Lida assim, literalmente, essa frase beira o surreal. Pois uma coisa é o senhor afirmar que as redes sociais (leia-se marketing político digital) não elegerão todos os candidatos, nem mesmo nos grandes centros, no que eu concordaria tranquilamente. Uma outra completamente diferente é bancar que não elegerá ninguém, nem unzinho candidato, que elas serão irrelevantes no processo eleitoral. Talvez seja este o ponto fraco da entrevista. Passo.

– “Quando a gente fala do poder de influência das redes sociais estamos falando dos eleitores dos centros urbanos, de universitários, de gente esclarecida”.

– Estimativas e pesquisas conservadoras apontam que pelo menos 70% da população brasileira está conectada e tem acesso a plataformas digitais. Afirmar que as redes sociais impactam apenas uma camada mais “esclarecida” denota uma visão elitista. Seria correto afirmar que as classes C, D e E consomem informação de forma diferente (e seriam mais permeáveis às fake news, por exempo) que o target A e B. Mas não dá pra negar que 70% é uma maioria avassaladora.

Estes são os pontos que mais me, digamos, incomodaram. No entanto, esta carta não é feita só de discordâncias. Concordo 100% com o senhor em diversas passagens, por exemplo quando afirma que as fake news sempre existiram, que a tecnologia não matou o coronelismo, que milhões de seguidores não quer dizer nada, que o nível educacional da população é baixo, que para os políticos alcançarem um retorno real nas redes sociais vão precisar de investimento e que há muito radicalismo nas bolhas dos extremos ideológicos e pouco debate no centro. Bingo!

E concordo, principalmente, com sua visão de que os políticos não usam bem as redes sociais. Neste ponto estamos #JuntoseMisturados.
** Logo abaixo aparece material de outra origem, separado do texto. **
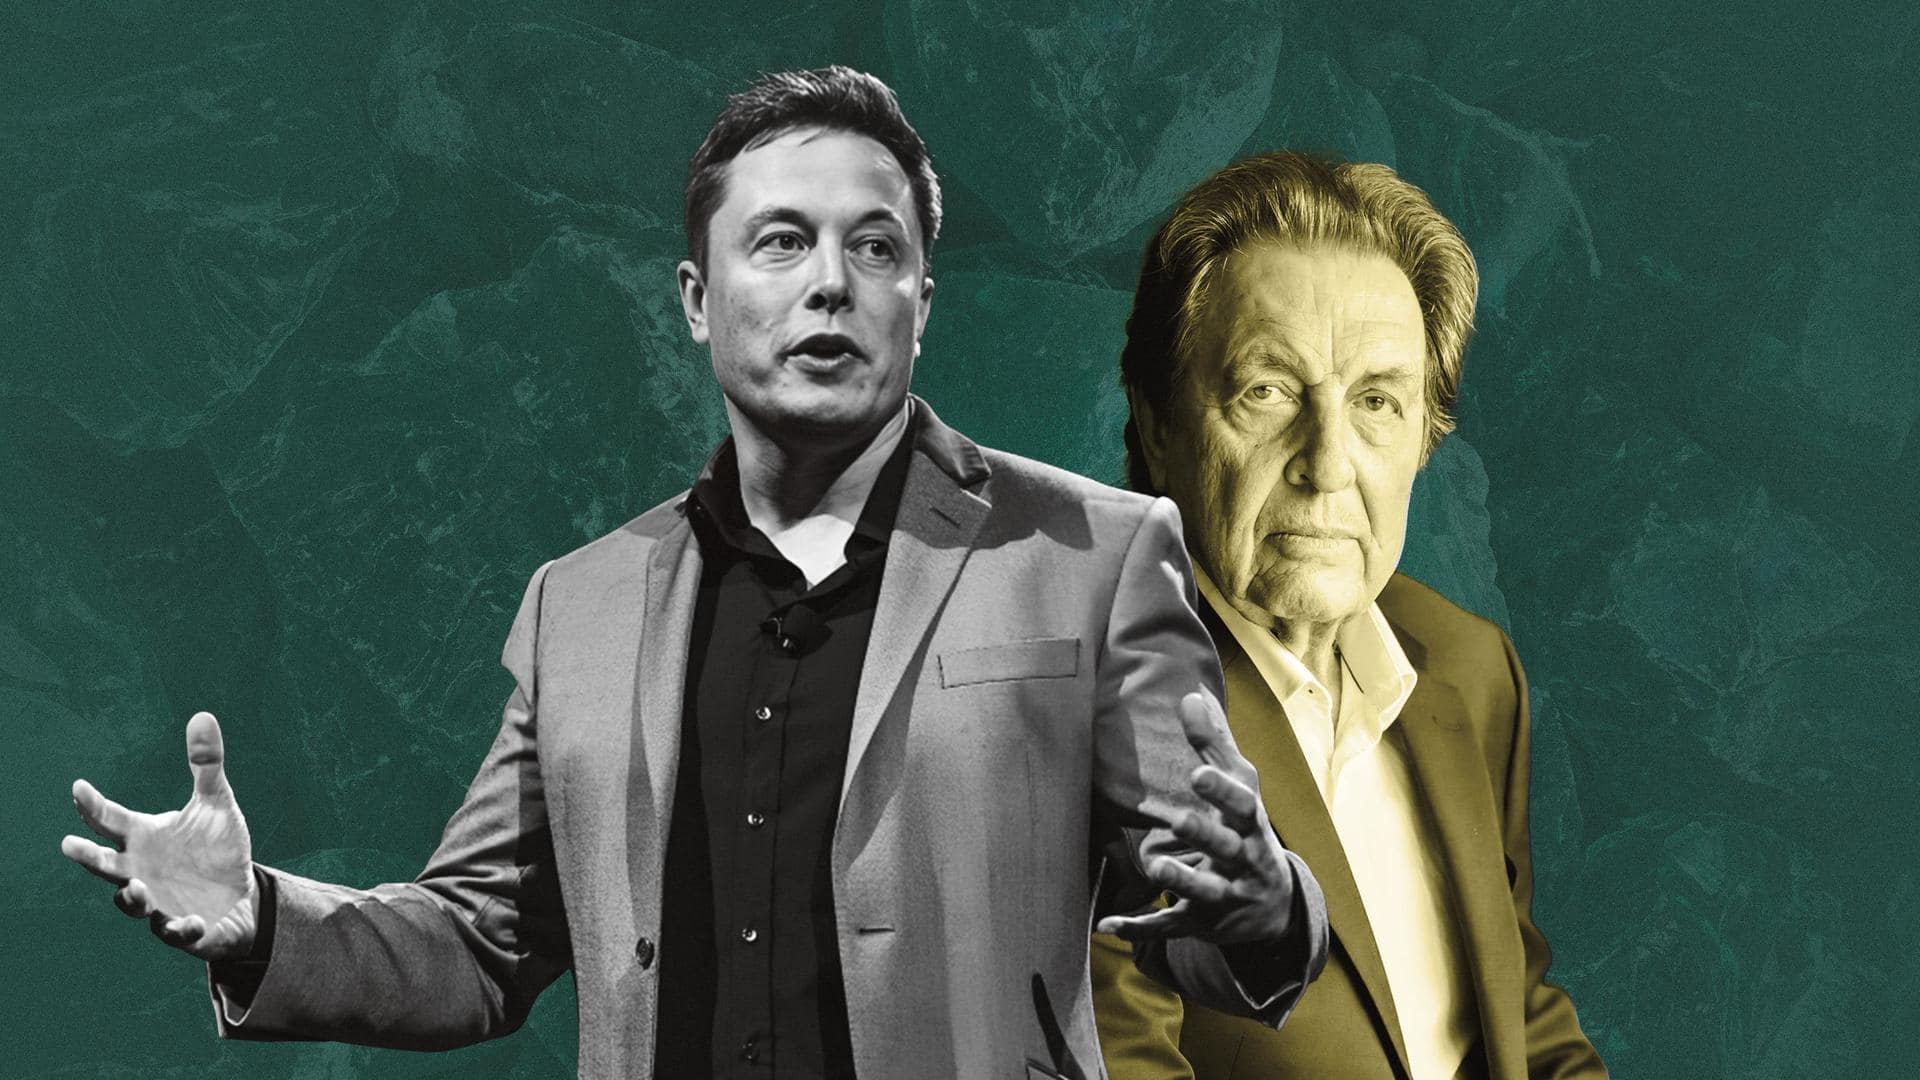 Contrary to Elon Musk's claims, father says emerald mine existed 

Com honrosas exceções os políticos brasileiros – e seus assessores e agências – continuam achando que rede social é palanque, que o Facebook é mídia de massa (e não uma plataforma altamente segmentada) e que dá pra construir relacionamento em pouco tempo.

Meus alunos, clientes e amigos sabem o quanto sou crítico em relação ao marketing político digital que é feito no Brasil. Precisamos fazer um grande mea culpa pra qualificar o mercado. Olhemos para o que estão fazendo nos EUA, no Canadá, na França. Não precisamos nem ir muito longe. Aqui do lado, na Argentina já entenderam que nas estratégias digitais o foco não deve ser mais no candidato (ou no presidente) e sim nas conexões emocionais que ele gera em sua audiência.

E, pra finalizar, já que tá virando textão, creio que faltou ao senhor entrar no que considero o cerne da questão: a distinção entre marketing político e marketing eleitoral nos tempos atuais.

O que seria o marketing eleitoral? Ele pode ser comparado a uma prova de 100 metros rasos, uma corrida de tiro curto cujas estrelas são a TV, o rádio e a campanha de rua com os indefectíveis santinhos. O marketing eleitoral, outrora poderoso e alvo da cobiça dos marqueteiros, vem sendo gradualmente desidratado pelas sucessivas reformas políticas: cada vez menos tempo de campanha, menos recursos,  menos atividades de rua. Concorda comigo que não dá tempo de criar um relacionamento, convencer o eleitor e converter o voto em 45 dias, que será o tempo da campanha oficial?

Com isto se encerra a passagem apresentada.